無人航空機操縦士の技能証明には、今のところ免許的な観点での効果はほとんどありません。でも、仕事でドローンを飛ばす人には、僕は取得をお勧めしています。

それはなぜかというと、事業でドローンを運用する場合は、特に運航の安全が重視されるからです。無人航空機操縦士の資格取得の過程では、このリスク管理技術をしっかりと学ぶことができます。(特に一等無人航空機操縦士)

レベル4飛行ポータルサイト

【1】型式認証された機体はまだ少ない

 

2023年12月に航空法が大幅に改正された際に、ドローンを製造するメーカーに「型式認証」という車の型式認証と同様の認可制度が課されるようになりました。

この型式認証には、1等型式認証と2等型式認証の2種類があります。

特に1等型式認証は、カテゴリー3飛行(レベル4飛行とも言う。
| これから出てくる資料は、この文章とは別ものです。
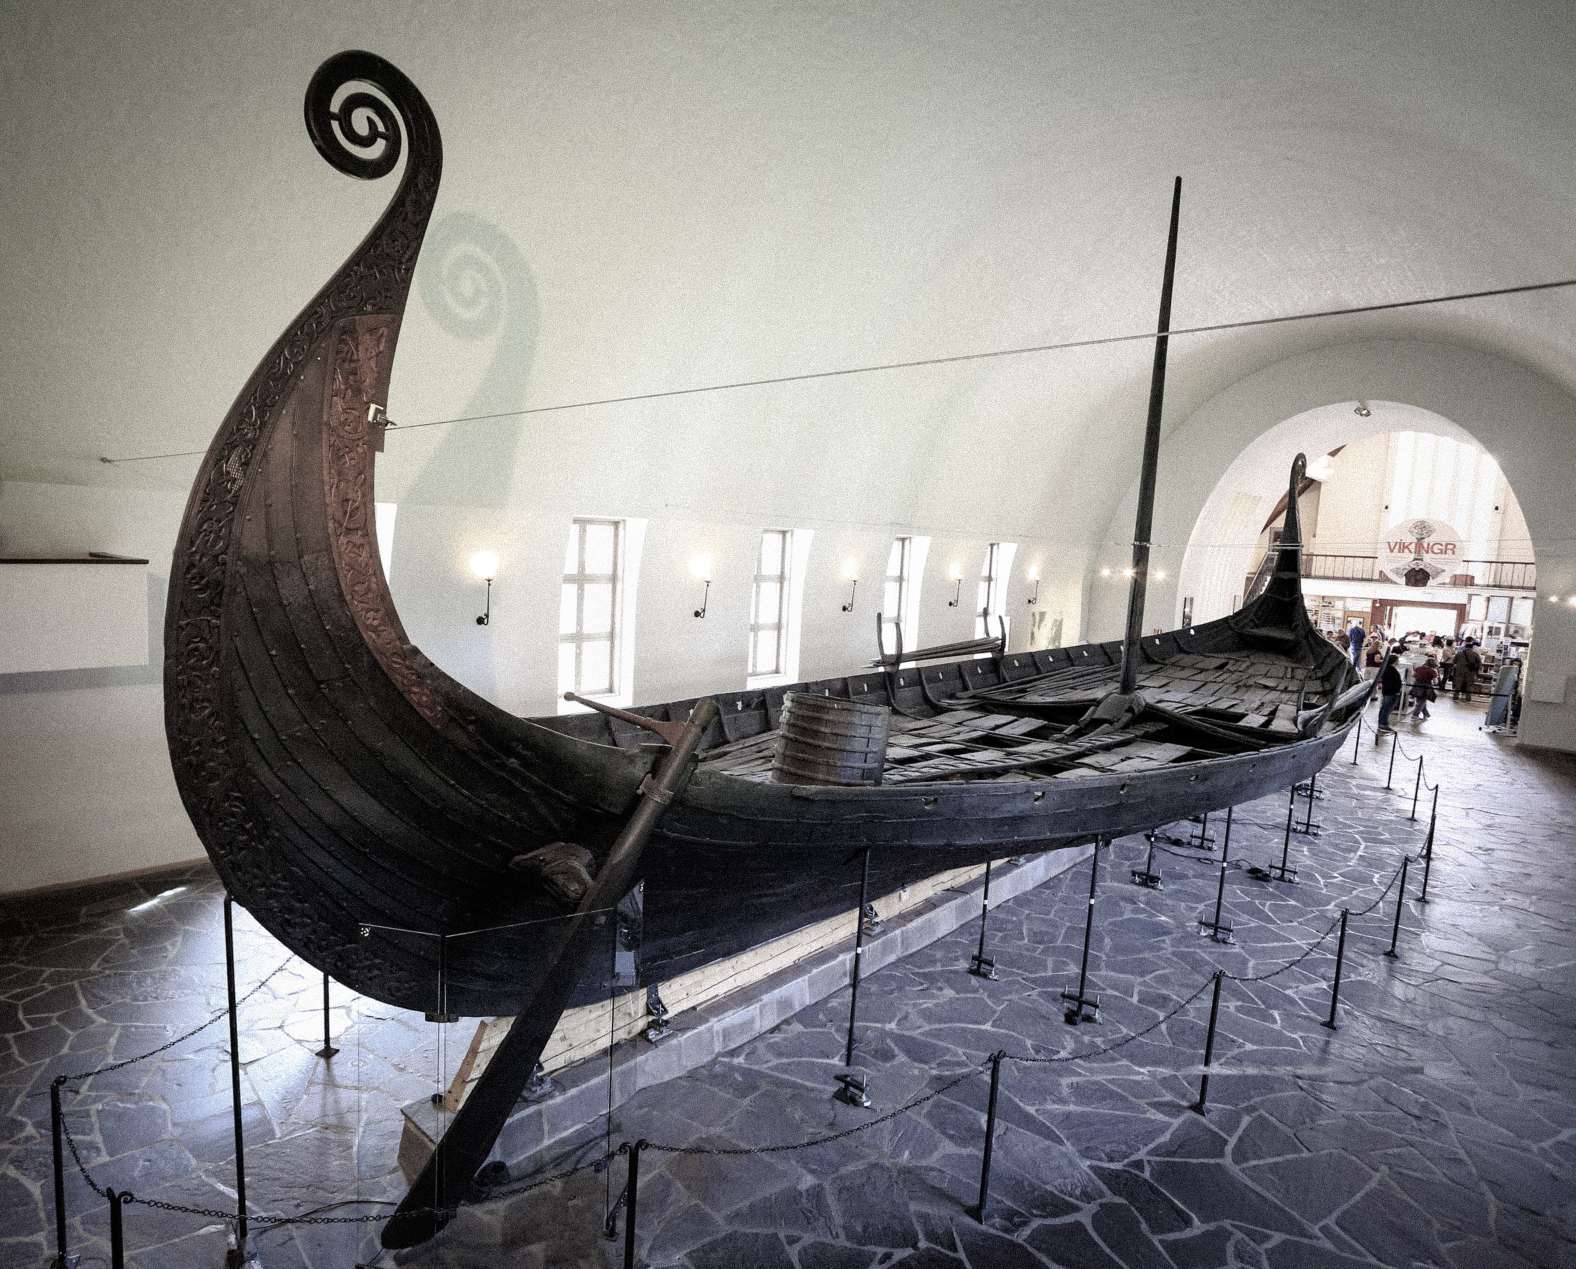 Vikings skib i Vikingeskibsmuseet i byen Oslo i Norge. © Billedkredit: Vlad Ghiea | Licenseret fra DreamsTime.com (redaktionel brug Stock Photo, ID: 155282591)

人口密集地域の上空を目視外飛行で飛ばす)を行う時に使う機体に必須となる認証です。

カテゴリー3飛行を行うには、1等型式認証を受けて機体認証を取った機体を、1等無人航空機操縦士が飛ばすこと、その際にリスク評価を行なって安全対策のための飛行マニュアルを作ること、その上で飛行許可を申請して許可を得ることが法的に必須とされています。

2等型式認証は、カテゴリー2飛行(人口密集地域の上空を目視内飛行で飛ばす)ための型式認証です。

一般的に、点検や測量など業務利用のほとんどは人口密集地域(DID)で行われることが多く、2等型式認証を受けて機体認証を取った機体を2等無人航空機操縦士が飛ばす場合は、特に飛行許可の申請が不要になるメリットがあります。

ところが、2024年9月現在、1等も2等も、この型式認証を受けた機体が数機種程度しかありません。

(メーカー側の負担が大きすぎて経済的なメリットがないため、型式認証は取得しないという判断をしているメーカーが多い)

日本国内で最も利用されているドローンを製造しているDJI社も、1等も2等とも認証取得を行なっていませんし、今後も取得予定はないと言い切っています。

このように型式認証を取得した機体がないために、1等も2等も、無人航空機操縦士の資格があっても、免許という意味でのメリットは残念ながら非常に少ないのが現状です。

また、原則飛行が禁止される特定飛行であっても、カテゴリー2飛行までなら航空局から飛行許可を貰えば飛ばせるので、許認可の上では無人航空機操縦士の資格は必須ではありません。

【2】業務での安全管理を確実に行うために

 

ではなぜ、わざわざ時間とお金を費やし、無人航空機操縦士の国家資格を取る必要があるのでしょうか?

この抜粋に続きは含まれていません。